Currently most other LDBC benchmarks offer data generator implementations that can be used/referenced, but currently graphalytics doesn't offer anything (that I can find). The datasets involved in graphalytics are very large and can be incredibly slow to download, so being able to generate them would be very nice

szarnyasg commented 2 years ago

Hi @Kixiron, there are some conversion scripts available at: https://github.com/ldbc/ldbc_graphalytics/tree/master/bin/utils/graph-format-conversion/graph-specific However, they do not have any documentation, so getting them running would require some trial and error.

My recommendation would be to stick with the data sets available at https://github.com/ldbc/data-sets-surf-repository. These can indeed be slow to download but I could always get ~10 MB/s, so even the largest file (graph500-30, 100GB) should download in 24 hours. Did you encounter slower speeds?

Kixiron commented 2 years ago

Well, that's pretty much the issue, it's hard to ask new devs or CI to take 2+ hours to download a benchmark

szarnyasg commented 2 years ago

Understood – but unfortunately, I don't see a quick fix for that.

Approach 1: Regenerating the data

Let's suppose we can get the data generation pipeline working such that it produces the exact same graph500, datagen, etc. graphs as the ones available for this benchmark.

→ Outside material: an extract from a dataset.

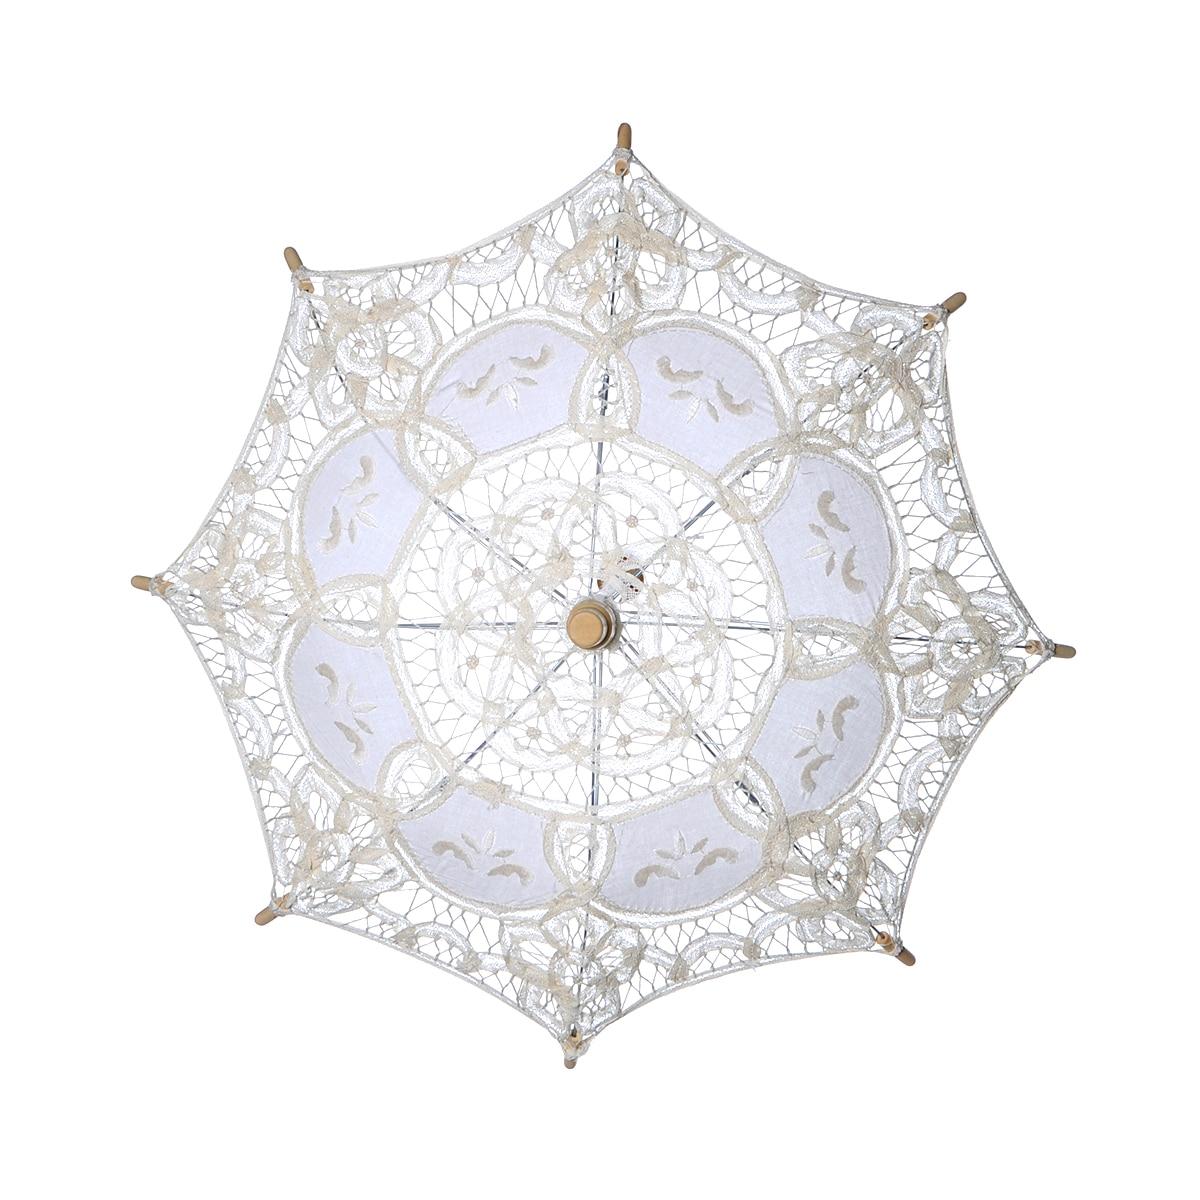 Image 3 - Bridal Wedding Umbrella Lace Cotton Embroidery Handmade Parasol Umbrella For Wedding Romantic Photo Props L Size 60cmBridal Umbrellas   -

Still, it is going to be slow due to limitations in the generator and processing scripts. E.g. the datagen graphs should be generated with the old Hadoop-based Datagen which is single-threaded on a single machine (Hadoop's pseudo-distributed mode) and only parallelizes when run in an actual Hadoop cluster. Then, they are post-processed by a shell script using standard UNIX tools (sort, cat, cut) which sometimes dump intermediate data sets to disk. Overall, re-generating the data sets wouldn't be much faster than downloading them at the current (slow) rate.

Approach 2: Moving to a faster hosting service

Regarding faster hosting, I see two potential solutions:

  1. Upload the data sets to the object storage services of the three major cloud providers and make them available with the "requester pays" (or equivalent) option. This is quite expensive for LDBC: napkin math shows ~1 USD / GB / year, and we have tens of terabytes of data for SNB and Graphalytics (some of these are currently being generated and not yet available). Also, thse cloud deployments will not going to benefit users with on-prem deployments, they will need to use the SURF service (which is also a paid one although it is subsidized).

  2. Use an egress-free fast object storage service. Cloudflare R2 seems promising and is reasonably priced. It's still in beta and does not support public buckets out of the box. Getting public buckets requires a (seemingly simple) workaround of running a Cloudflare worker. Unfortunately, users in the Reddit thread on R2 bandwith report 200-300 megabits/s (25-37.5 MB/s) which still isn't great and 5-10x off from what e.g. S3 can do within AWS.

If you are aware of an alternative service for data hosting, please let me know.

szarnyasg commented 2 years ago

I deployed that data sets on Cloudflare R2 (URLs may change in the future). This does the job well.